My mothers third husband brought a lot of turmoil to our lives. I was in first grade, and although he was her third husband, I had never seen my mother like this, there was something so different about him.  Her world revolved around him and unfortunately the choices he was making became hers. I look back at the environment we moved into and realize its something my children don’t even know exists.

The way a child processes things and what you know as an adult become so blurred. Children don’t seem to realize the severity of what they are going through. Children are resilient, right? They adapt. Yet if you want to become a functioning adult, you end up being very aware of what you adapted to, so that you can cope.

I remember it being a small house, cold and cluttered. One room I wasn’t allowed into because he had two huge snakes that lived freely inside. I can still vividly hear the sound of them moving around at night. There was so much that was off limits to me inside that house, I had never seen a gun before, yet it became so normal for them to be placed throughout the house. People in and out, day and night. My mother had become so distant, she wasn’t the same, and  I was becoming more and more invisible. The first time he ever hit her I remember feeling almost relieved, like we were going to get to leave, right? But she just seemed to love him more.

It didn’t take long for the inevitable to happen, if you sell drugs, eventually the cops will come to your door, and they wont knock politely. Yet things went right back to the way they were pretty quick, and the time seemed to drag on. The more controlling and abusive he got the more I felt like I was alone, and the more she pushed me away. Then there was the day she just forgot me completely.

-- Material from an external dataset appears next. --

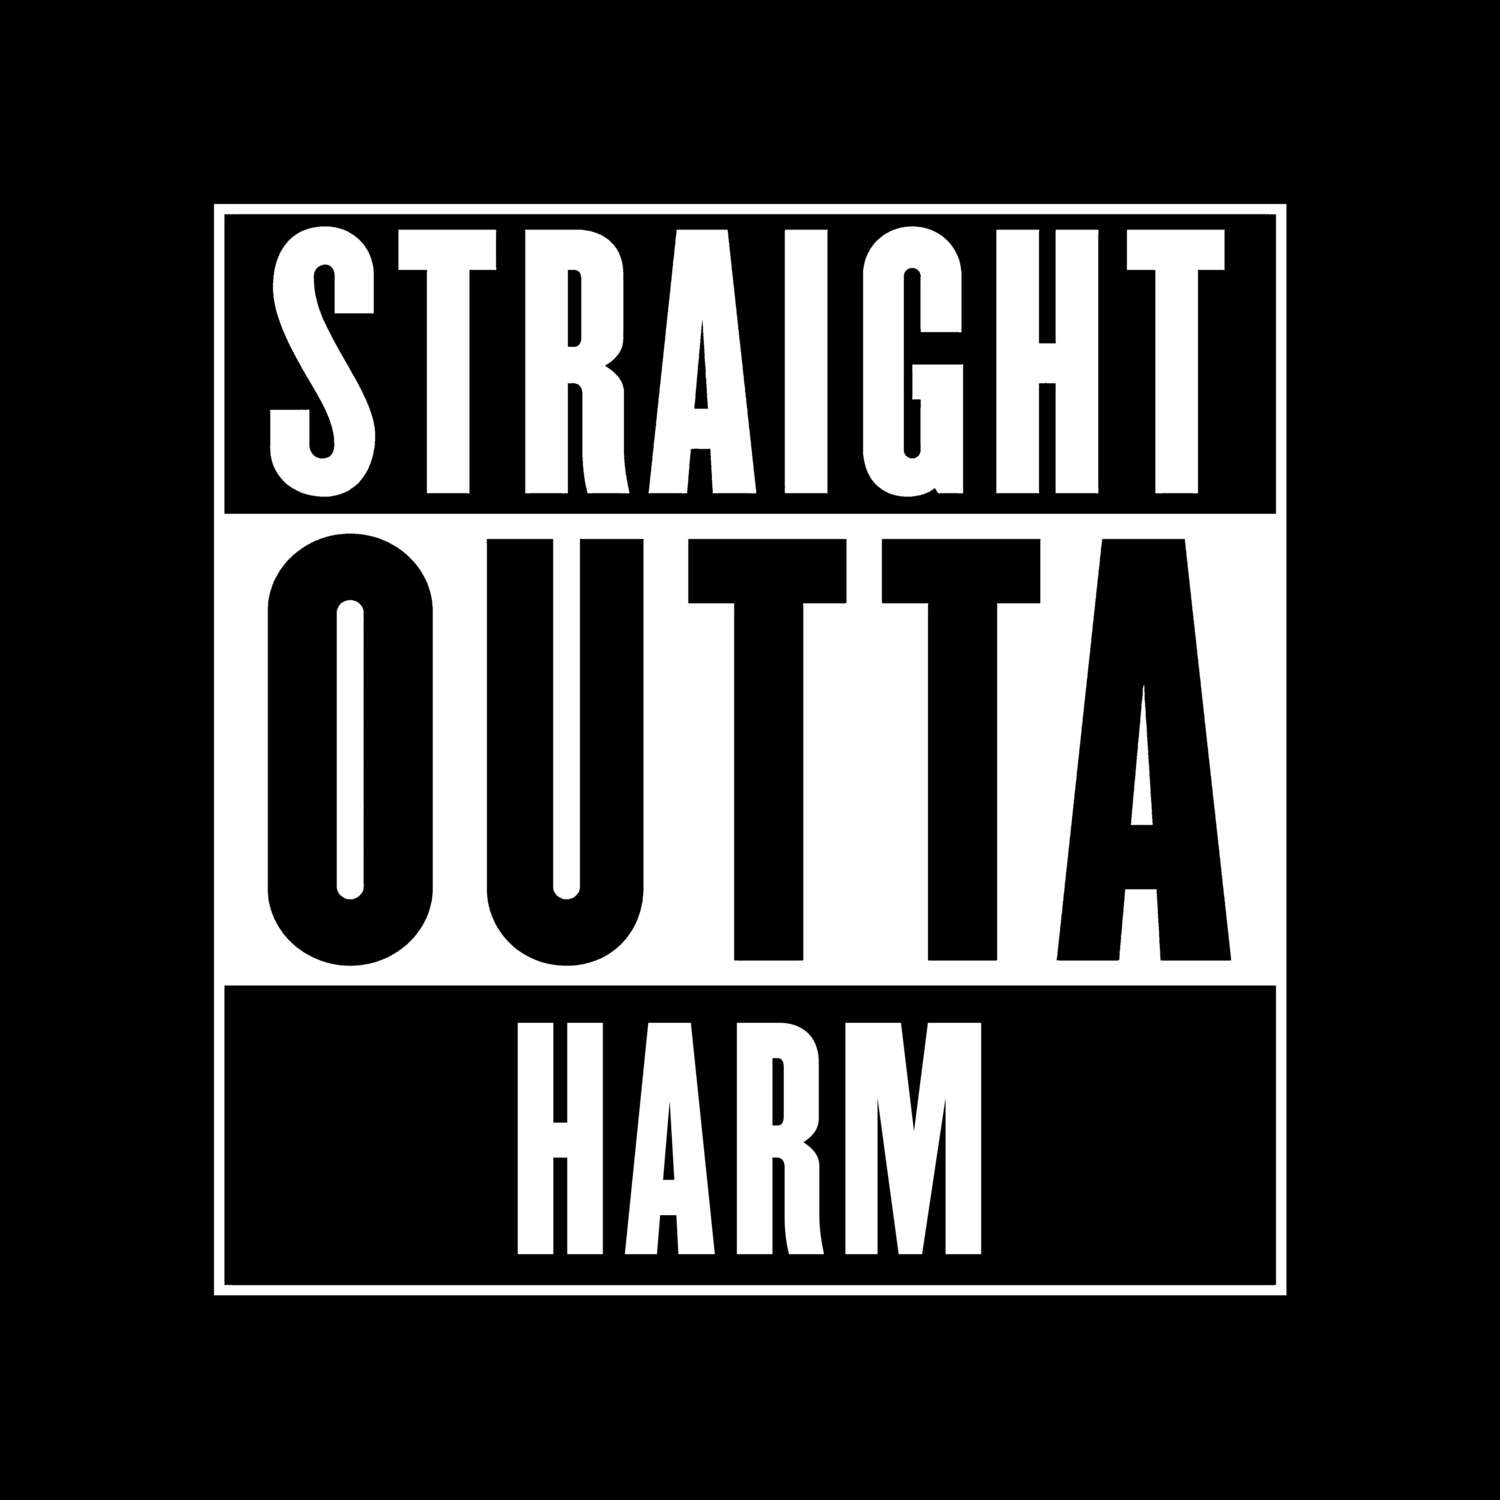 Harm T-Shirt »Straight Outta«

It was just after Halloween, I remember we didn’t trick or treat that year, she had filled a plastic pumpkin with cinnamon discs from the grocery store and gave it to me. I am assuming because a gallon of hard candies should keep a 6 year old occupied. She told me I had to stay in my room and be very quiet. The door locked behind me and there I sat. The sun would come up and the nights would come and go. Looking back I am not really sure how long I was in that room. Enough days to know I had been forgotten, and to start trying to figure out how to survive. Until finally a familiar face, the face of someone who loved me, opened that door. It wasn’t my mother, it was my aunt. That door opening did not change the fact that my mother had forgotten me, it did not change the reality that she had ultimately chosen drugs over me. I left that day with my aunt, and it took several more days for my mom to come see me, to realize I was gone. It was the first time I felt that fear that I may never be with my mother again, that maybe she didn’t exist anymore. It was the first time I ever felt like she didn’t love me.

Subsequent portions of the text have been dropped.